A second problem concerns institutional overlap. The proposed regulator is granted extensive powers over safety, inspection, compliance, and access to port facilities.

Those provisions exist alongside the long-standing statutory responsibilities of the Liberia Maritime Authority, which already interfaces with international conventions and maritime standards. Creating two agencies with the ability to issue directives in the same space will not produce clarity. It will create friction, confusion, and the potential for conflicting instructions — the very opposite of what efficient port governance requires.

When the President returned the bills, he did so out of concern that they risked producing contradictions, overlapping mandates, and administrative uncertainty that could undermine efficiency rather than enhance it. Those concerns should be taken seriously, not dismissed as caution for its own sake.

Liberia has confronted similar institutional transitions before — and we learned valuable lessons. When the country decided to establish the Ministry of Finance and Development Planning, the Legislature did not simply approve the law and hope everything would work out.

Lawmakers summoned the Chair of the Governance Commission, Dr. Amos Sawyer, the Minister of Justice, Cllr. Christiana Tah; the Minister of Finance, Amara Mohamed Konneh; along with the Director-General of the Civil Service Agency and the Director-General of the Liberia Institute of Public Administration.

Their message was simple: produce a roadmap. They wanted clarity on redundancies, protections for pensions and benefits, transfers to the Liberia Revenue Authority, and plans for employees who could not be absorbed.

We met repeatedly at the Civil Service Agency on Carey Street and produced that roadmap — and it became the blueprint for all subsequent restructuring across ministries, agencies, and commissions. Because we planned ahead, we avoided the kind of institutional chaos that destroys morale and drains public confidence.

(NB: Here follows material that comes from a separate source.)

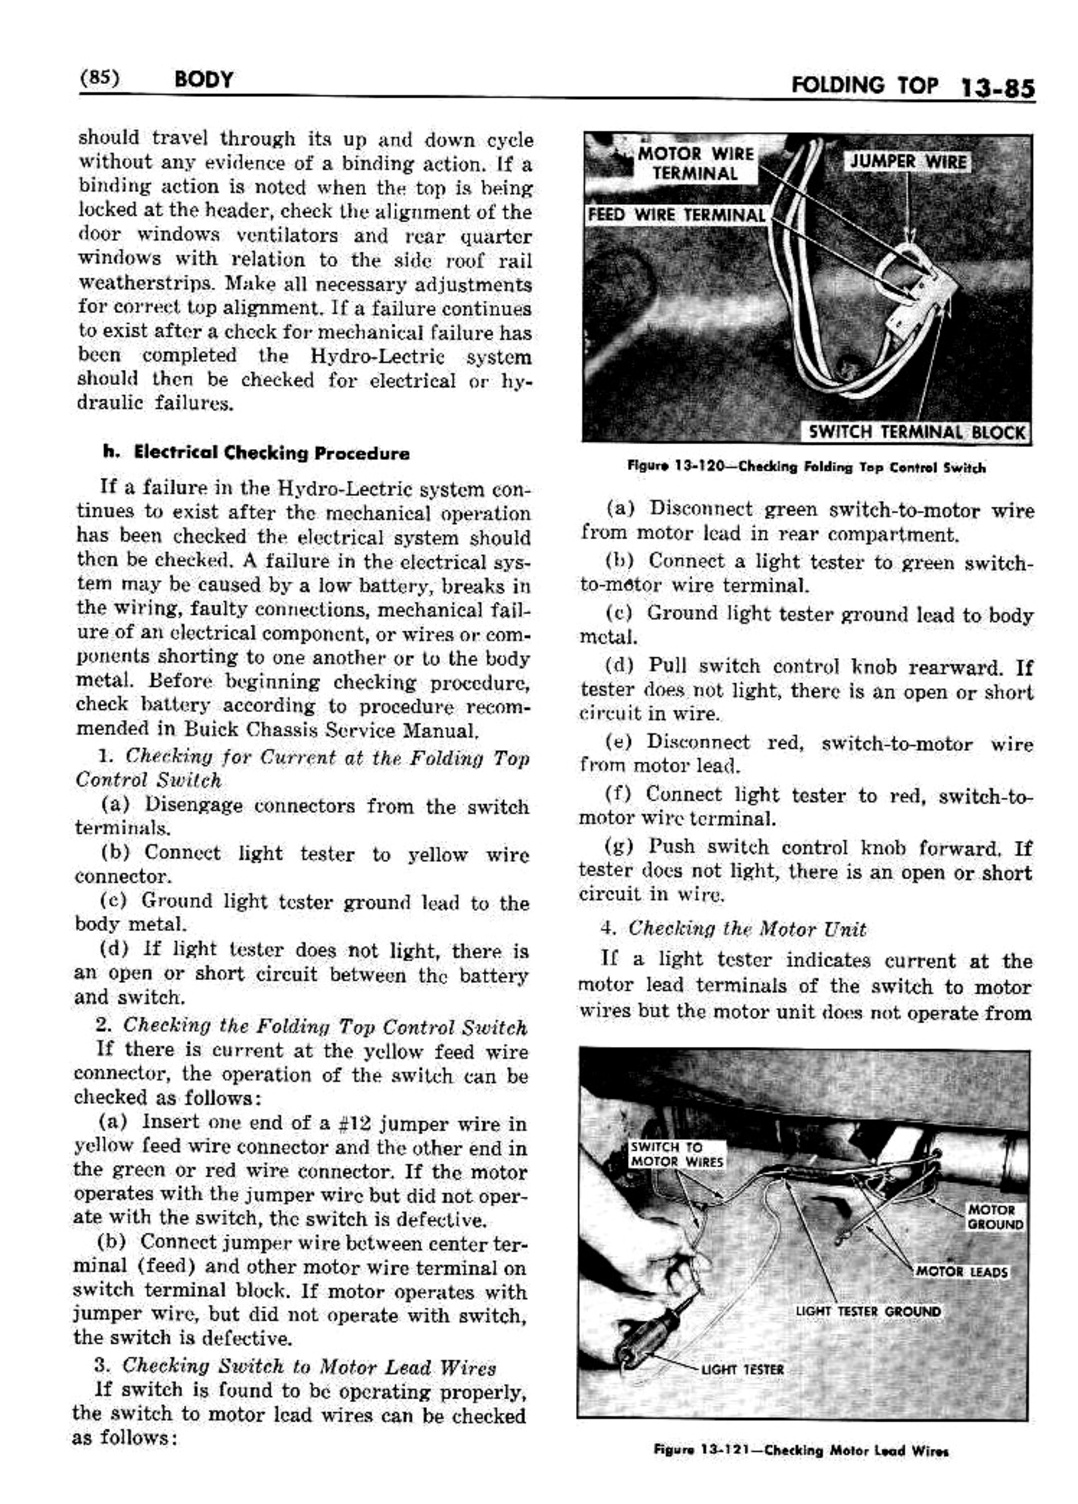 n_1958 Buick Body Service Manual-086-086.jpg

Even so, I vividly remember the day the courtyard of the new ministry filled with anxious workers. We stood there with loudspeakers, not to spin a story, but to explain, step by step, what would happen to their jobs, their income, and their future. That is what responsible reform looks like: institutions change, but people and the credibility of the state are not left hanging.

The President’s decision to withhold approval reflects the same instinct for responsible sequencing. Moving ahead without a defined transition mechanism risks operational disruption, legal challenges, and uncertainty for employees and concession partners.

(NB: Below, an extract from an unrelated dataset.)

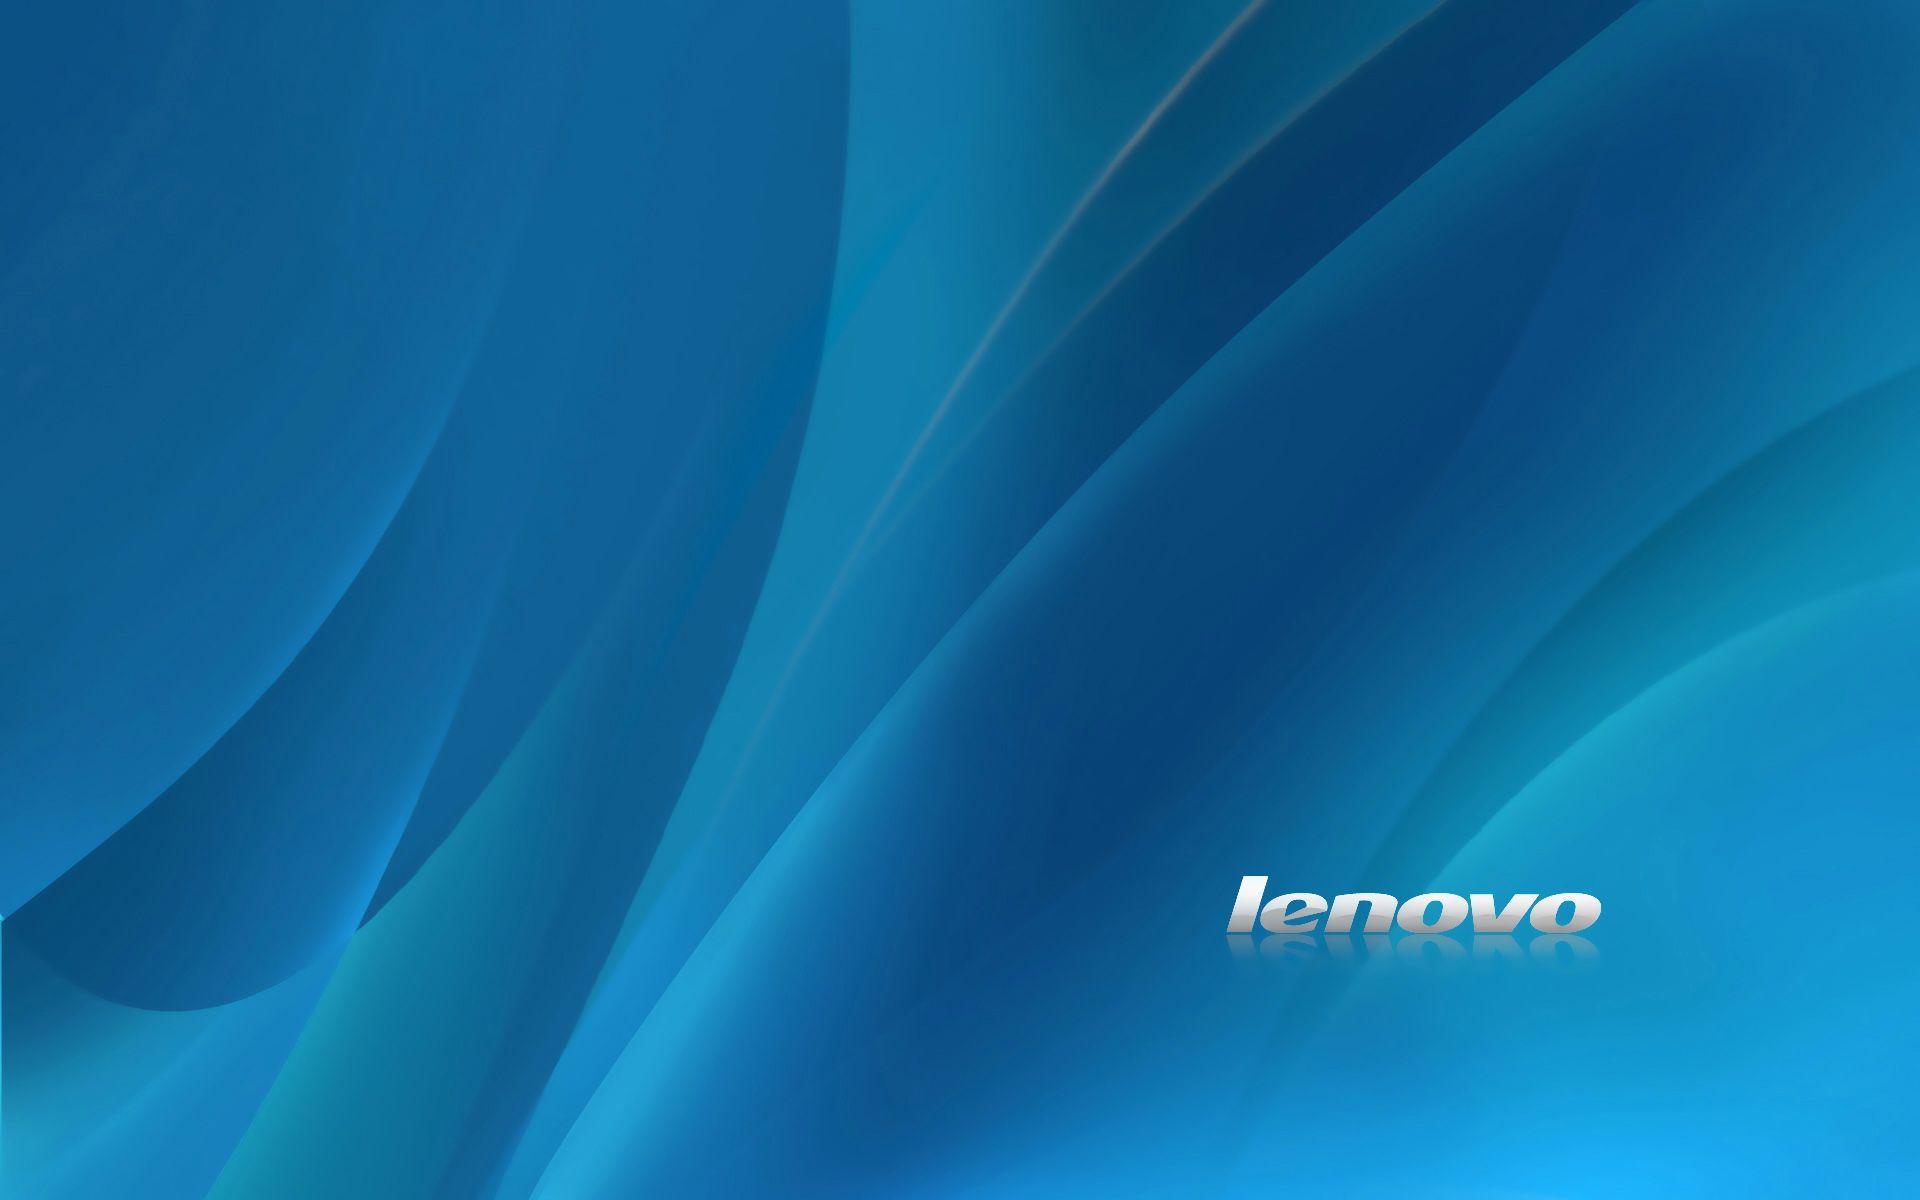 Lenovo Desktop Backgrounds 1920X1080

These bills, in their present form, could destabilize port operations, weaken clarity in regulatory oversight, and expose the state to unexpected liabilities at home and abroad. That is too much risk for reforms that otherwise carry merit.

The choice we face is not between reform and stagnation. It is between rushed reform that collapses under its own contradictions, and disciplined reform that can endure. The President should therefore not sign these bills until the loopholes are resolved. This is not obstruction; it is stewardship.

The Legislature should revisit the drafts, establish a formal transition authority, clearly define the boundaries between the new regulator and the Liberia Maritime Authority, embed protections for workers and contractual partners, and correct the drafting inconsistencies that now leave space for confusion.

Liberia does need more efficient and transparent ports. Decentralization, done well, can unlock local economic potential, reduce bottlenecks, and restore public confidence.

But decentralization without a roadmap is not reform. It is disruption — and disruption serves no one. The lesson from our own institutional history is simple: reform succeeds when it is disciplined, sequenced, and grounded in clear law. That kind of reform not only changes systems; it lasts.